No. The int to int * truncation does not happen, the cast does not matter. What matters is the `int *p' which is 64-bit on 64-bit systems, so the compiler will just move the returned value in RAX into wherever p is, so no truncation happens, even without the cast. Look at the generated assembly, you'll see what I mean.
Clang is too clever and gives malloc the correct implicit declaration even when you don't have an explicit prototype:
test.c:10:12: warning: implicitly declaring library function 'malloc' with type 'void *(unsigned long)'
[-Wimplicit-function-declaration]
I think that having a prototype mismatch with the actual declared function is undefined behavior, so this is a legal way to resolve it, but not every compiler will. Older compilers tended to treat malloc as just another function and wouldn't do this.
I was able to replicate the older behavior by wrapping malloc in my own function. In one file:
int main()
{
int* p;
p = (int*)wrapped_malloc(sizeof(int));
*p = 10;
return 0;
}
Compiling them into one program results in a crash. The relevant bit of assembly is:
0000000100000f4f movslq %eax, %rdi
So it is indeed only extracting the lower 32 bits of the returned pointer.

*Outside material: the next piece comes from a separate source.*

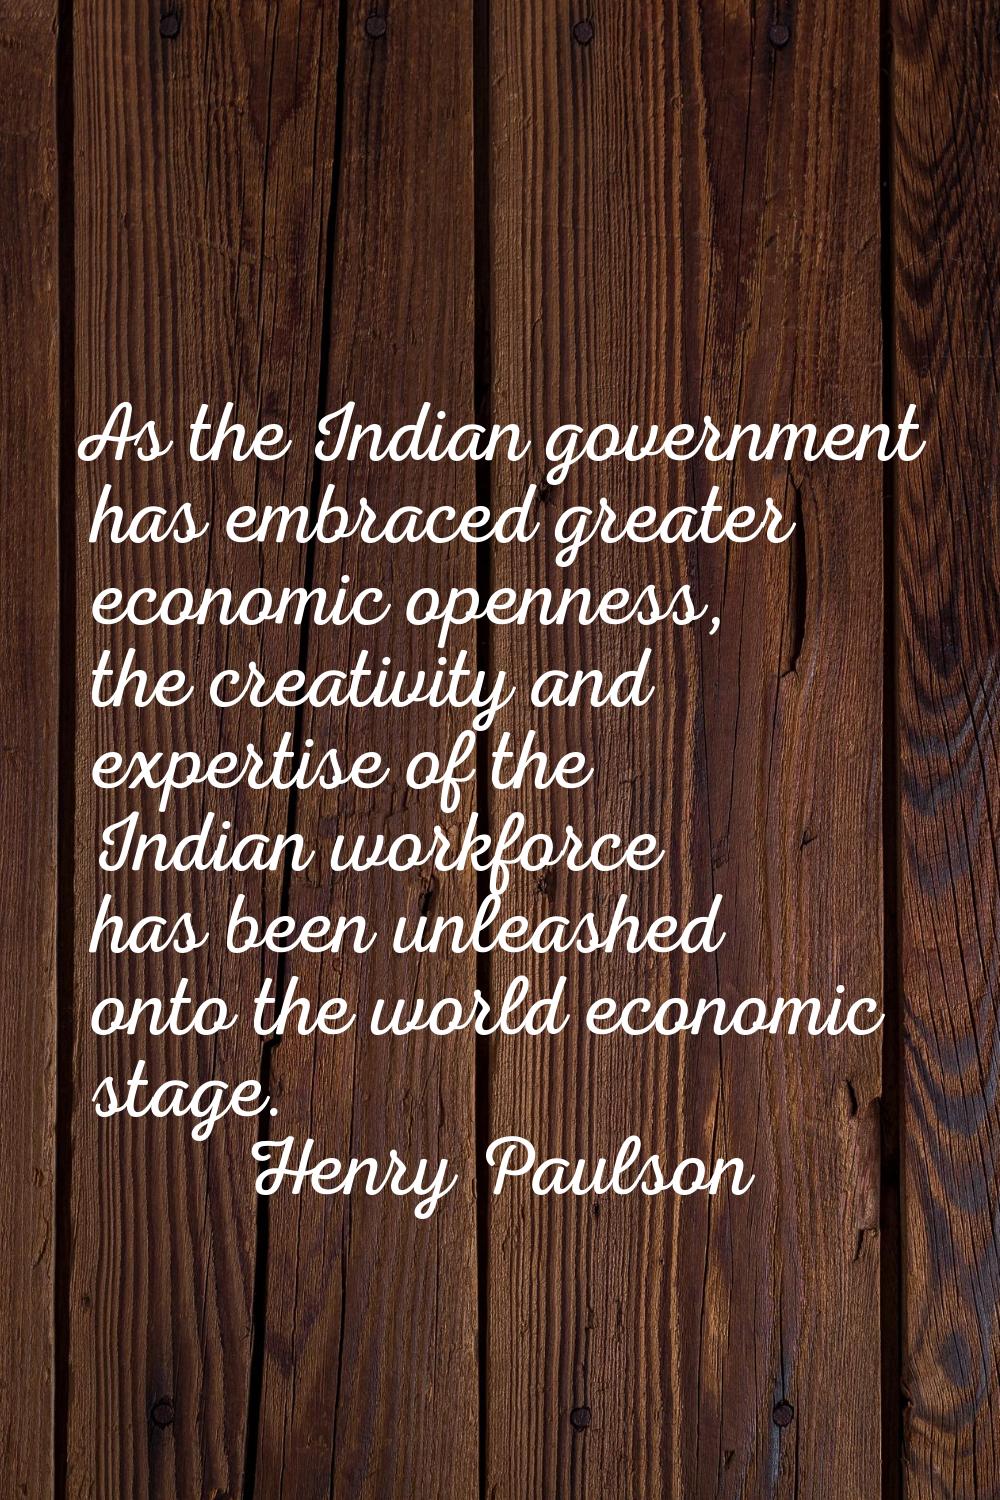 As the Indian government has embraced greater economic openness, the creativity and expertise of th

The page looks pretty old (the IA-64 reference sure is dated, anyway) so I'd guess that it was referring to an older compiler that didn't have a special case for malloc like this.
Right, C compilers will automatically known it's part of libc. You didn't need to do the separate file thing, you could just have the wrapper and it will trigger the movslq, or a cltq.
The question asks about IA-64 (Itanium) and IA-32. You're talking about the RAX register which is x86-64.
If you call malloc without a prototype in scope, bad things can happen. Just because it happens to work out OK with the platform and compiler that you tested doesn't mean that it will work everywhere or that it will keep working in the future.
His scope of talk sounds as if he is referring to x86-64. Many people mistake the IA-64 for x86-64, that's why I assumed he'd be talking about it. Not to mention that IA-32 refers to x86, which he clearly seems to misunderstand.
I'll have to check if it's still true today, but Windows/the VC++ CRT certainly used not have no qualms about handing out pointers to memory below the 4GByte mark. So if you have a problem like this, it can go undetected for quite some time...
(Don't know about Linux. 64-bit OS X binaries usually start with a 4GByte section at 0, so the bottom 4GBytes simply isn't available.)